Adviser firms are offering service propositions that exceed the old established professions says Lee Robertson the former chief executive of Investment Quorum.
Following the news that he was stepping down after a management buy-out, Portfolio Adviser spoke to Mr Robertson about his 18 years since the foundation of IQ asking him about the changes to the sector during this time.
He says: “The service propositions of some advisers would now knock the old professions into a hat – the accountants and solicitors. These propositions are really well formed, really well charged and really well articulated.”
RDR boosts the industry’s confidence
He says the most welcome change has been advisers “becoming business people in their own right and not just paid distribution channels of LifeCos”.
The RDR was clearly a massive shift although, he says, many firms were pretty much RDR complaint or close to it, before the regulations came fully into force. However, what it has done now is boost the confidence of advisers in their own business models.
“There are people doing flat fees, there are people fee charging outright and explicitly, some have built their own investment models, and have built their own DFMs. They are technically excellent. The good ones are really good now as opposed to just selling a product.”
An Investment Quorum client perspective
When asked about the firm and its place in the market over the last 18 years, consultant Clive Waller says that from a research point of view, the thing that stood out about IQ was its curiosity and determination to learn more.
He says: “Every time I have talked to them, their curiosity has enabled them to do something different and something better. They are never happy to stay where they are. They want to do something better.”
He is also incidentally a client.
“As a client, my contact is normally a practice manager so I am not wasting anybody’s time, I see my adviser when I want to, but if I need anything else, they have experts, good people for different situations. I joined as an investment client, became a pensions client, then a probate client.”
Advisers keeping investments in-house
Interestingly one peer, Syndaxi Financial Planning director Robert Reid suggests that Investment Quorum, by setting up a successful discretionary fund management business with a compact team, may well have encouraged other advisers to create their own CIPs rather than necessarily outsource.
Robertson says that he would have been surprised by some of the changes of direction from the original plan though not all.
“We weren’t a hundred percent fee based but we saw the direction of travel. We were very early adopters of platforms, but I don’t think that we envisaged at outset the fact that seven years later we would be going DFM and recruiting an investment professional from a big investment house. For us, that was the big difference,” he says.
Beating the banks during the financial crisis
In addition, he feels that the financial crisis, which struck a little before the mid-point in the life of the business, allowed firms such as IQ and other advisers to demonstrate how client centric they were.
He says: “One of the great bits of feedback we got from our clients during that whole period was that we were about the only people talking to them.

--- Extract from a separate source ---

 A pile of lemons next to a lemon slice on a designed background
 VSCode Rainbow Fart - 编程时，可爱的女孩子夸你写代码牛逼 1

The banks pulled the shutters down and weren’t talking to them.
“As advisers we were on the phone – explaining to clients what was going on, addressing whether they wanted to stay invested, saying not to panic, explaining they should be moving money if it was in just one bank, because of the compensation limits. We did that proactively for clients who felt ignored when they tried to contact their bigger financial institutions. That underpinned a really good period for client relations although it was traumatic for everyone. The advisory community – the good advisers certainly – were incredibly proactive.”
‘Always hold true to your beliefs’
Interestingly, for those who would set up a business now, he does not think, exams aside, that it has got significantly more difficult. He believes that the public has every right to expect a qualified, technically competent adviser. Rules around inducements may have gone a little too far, whether that is the regulator’s fault or compliance departments’ interpretation of the rules, because it has reduced the amount of soft contacts, but, by and large, he wouldn’t change much about regulation.
Aurea Financial Planning managing director Rebecca Taylor says: “Lee built a solid business and very good reputation going down the route of specialising in investments. It is the same as any good business practice, do what you are good at. So if you are good at investments, then perhaps go the DFM route and do it really well. You can be really good, if you do pension transfers – although it is a sticky subject at the moment, but if you do them do them really well, then do them or do financial planning taking a much more holistic route. Work out what you are good at and do it. Don’t do other things because it is fashionable.”
Waller adds: “So many advisers I have talked to believe in the status quo now. They have invested a lot in getting with the programme. IQ was always about how can we make it better. Of course, 18 years ago most people were selling bonds, taking 8% initial if they were big, 6% if they were small, and a few were taking 3 plus a half. People forget that.”
Robertson’s final advice about what he learned so far is as follows – “Always hold true to your beliefs. Always put your client first. Never give up your personal business integrity and there is a no substitute for hard work.”